На кой ты ее привел? веди, блин, откуда взял. Жениться я не хочу, так просто – нехорошо: она наивна, как валенок. Не хватало проблем (Артем).
Мы сдали квартиру на Костякова – Павел живет у меня.
Кто там не жил – только не Влад (автор).
Стараюсь чем-то порадовать Павла. Выходит – он к деньгам равнодушен, к еде равнодушен, к одежде тоже. Не знаю, что и придумать.
Вот так. Получила, кого полюбила. И что ты с ним станешь делать? (автор)
Ноябрь моросит дождем со снегом. У Тани глаза на мокром месте. Она довольно понятлива и не просится на Речной. Если такая байда случилось, надежда теперь на кого-то третьего. Выходит, я ее и подставил. Не хлюпай, возьми мой платок.
В декабре выборка из моего цикла «Стихи о сыне» вышла в «Дружбе народов».
Вымысел, читатель! не лезь проверять (автор).
Успех был колоссальный. Особенно отозвались на мою боль материнские сердца женщин.
Телефон оборвали. Кажется, я перестаралась (Людмила).
Людмила, я заметил, не очень довольна таким резонансом. К сожалению, зависть не исключена и внутри семьи.
Да, я полностью переписала этот цикл. Вошла в роль. Он бессовестно выбрал слезливую тему – я развернулась вовсю. Как-никак окончила литературный институт имени Горького (Людмила).
Прочел чего там отца напечатали. Кудрявей, чем раньше. А по сути дела стыдно, что он устроил такой цирк. Павел этот и то лучше. Ничего не пивши, вдруг разговорился: Витька Анохин – волк. Существует для того, чтоб уничтожать отбившихся от стада. Ты, Влад, отбился еще в яслях. Я подумал – точняк. Только потом отбилось целое поколенье. Волков не хватит, чтоб всех загрызть.
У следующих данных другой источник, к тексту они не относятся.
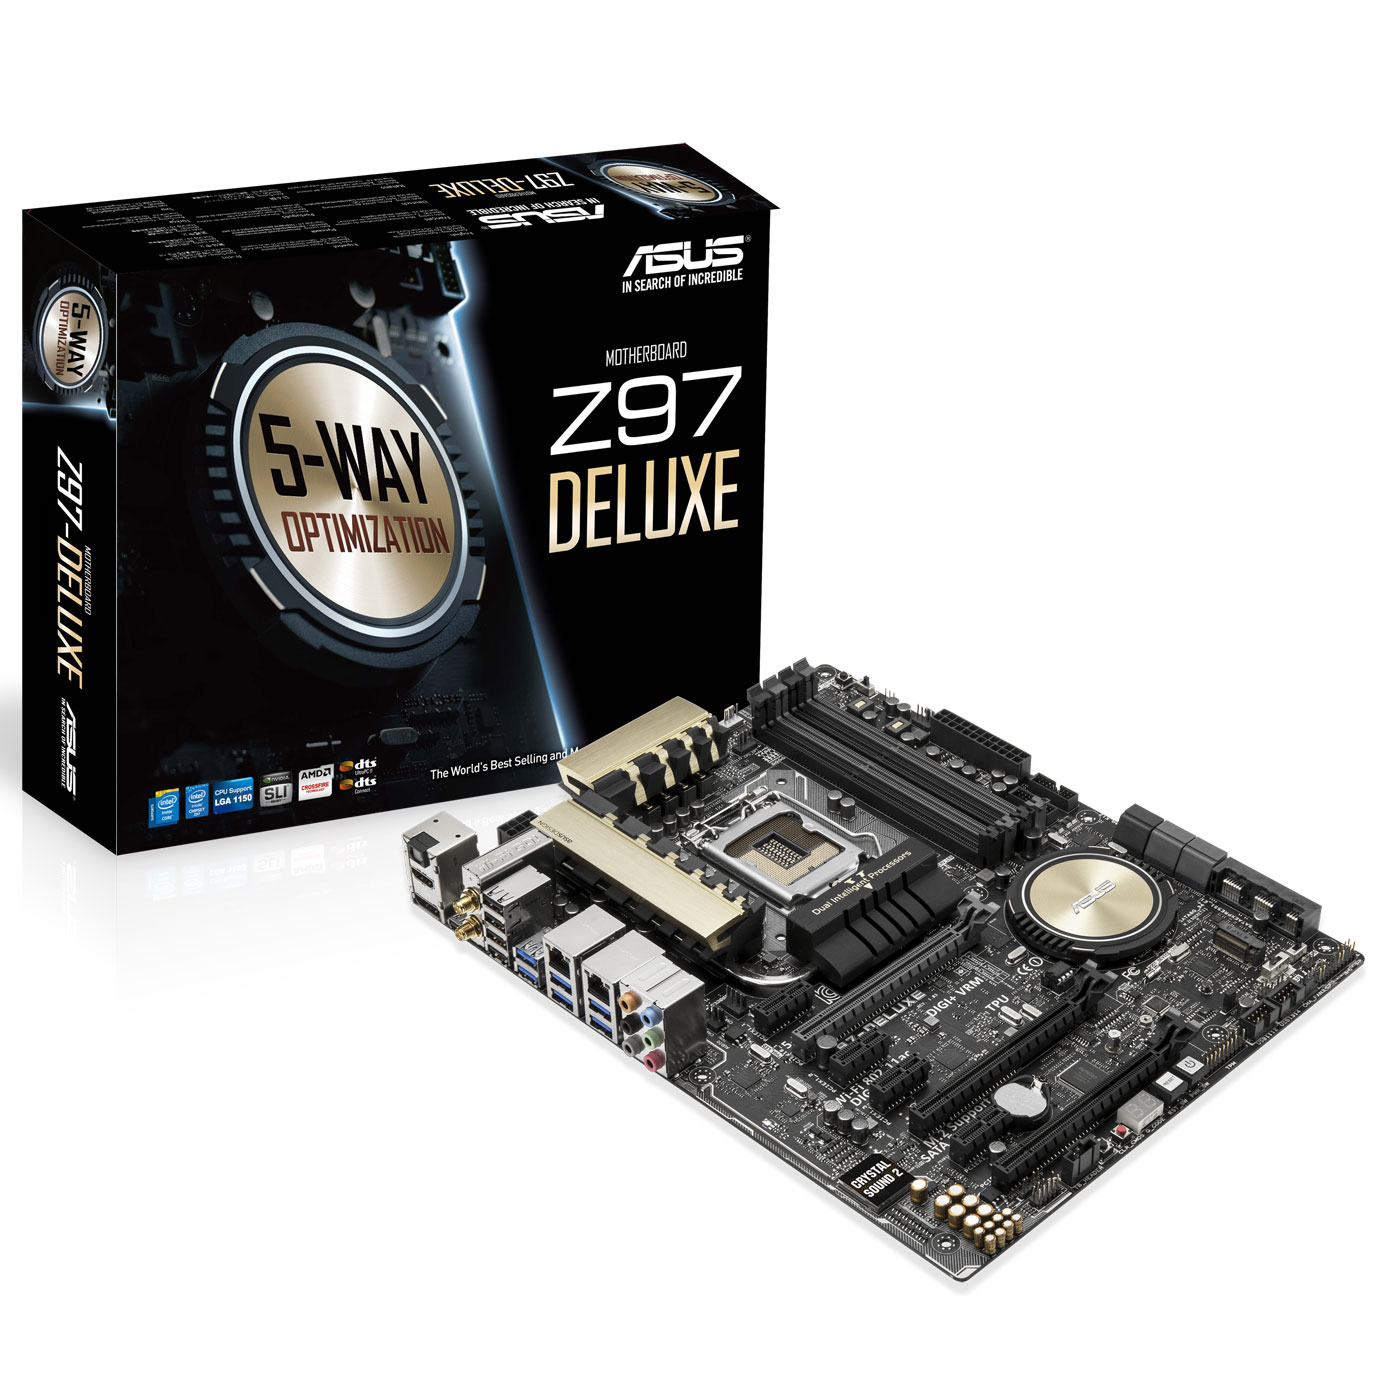 Carte mère ASUS Z97-DELUXE Carte mère ATX Socket 1150 Intel Z97 Express - SATA 6Gb/s - USB 3.0 - 2x PCI-Express 3.0 16x + 1x PCI-Express 2.0 16x

В том же судьбоносном две тыщи втором году меня кооптировали на освободившееся место в приемную комиссию московской писательской организации.
По рекомендации самого Петербурженко (Людмила).
Вот это да! ну и Юра! трех лет не прошло. (В сторону): Не вздумай проверять, читатель. Все сказки. (автор).
Мне предстоит серьезная работа. Я за строгий отбор. Формалистические изыски нам ни к чему (Юрий).
Заучил формулировки. Мимо него теперь пройти – как кораблю мимо Гибралтара. Уж он всех построит. Поставит планку на той высоте, которую сам может взять (автор).
Девяносто сантиметров (Нина).
Утихни, девочка (Павел).
Будем надеяться, что претендентам на вступленье в московскую писательскую организацию за глаза хватит… желающих устанавливать рекорды не будет (автор).
А что… бывают слабее Юры? (Нина)
Автор безмолвствует.
На подходе две тыщи третий. Мелькают, как верстовые столбы. У меня преддипломная практика – для понта… препам часы, вот и все. Группу свою знаю мало. Ну так, всех по разу видел и редко кого по два. Таня тусуется с первым курсом, Вика встречает у Златы. У нас новогодняя корпоративная вечеринка – нам с Темой скучно. Зеваем, прикрывши рты.
Молодые люди! Вы что-то тормозите. Выпейте за наше корпоративное процветанье (девушка чуть постарше, в костюме сорок второго размера).
Тема с Владом дружно вздыхают.
Желтизна с Юриного лица благополучно сошла, черные круги под глазами ликвидировались, тон разговора с Людмилой изменился. Людмила быстро взяла в толк происходящее и о загсе не заикалась, во избежанье серьезных ссор. Она было потянулась редактировать новые Юрины стихи – а такие были. Юра на нее строго покосился: не треба. Обучающийся автомат, он стал писать очень близко к недавнему Людмилиному переложению своих печально знаменитых «Стихов о сыне». Сочинительство на таком уровне больше не представляло для Юрия непреодолимых трудностей. Уже кое-что: ведь он литинститутов не кончал. Каюсь: обманулась в своих ожиданиях. Я думала – Людмила его пососет и выплюнет. Волнуюсь за Нину: неужто и там не угадала? Как бы чего не вышло: уж очень Павел ее приручил, а человек он сложный – аж стремно. В общем, беспокойтесь… подробности письмом.
На диплом я был распределен еще до больницы к профессору без докторской степени Корешкову. У него все схвачено, под каждый диплом заключен договор на десять тысяч. Ему же шли и часы за мою как бы преддипломную практику. Возьмет у меня электронную версию диплома, его негры – мои ребята с ВЦ – подправят шапку, то се, и получит денежки. Если что – можно и отсканировать. Всех построил… кудряво. Я особенно ботанить не стану: в фирме меня уже знают, пусть хоть бы и тройка. Шиш ему.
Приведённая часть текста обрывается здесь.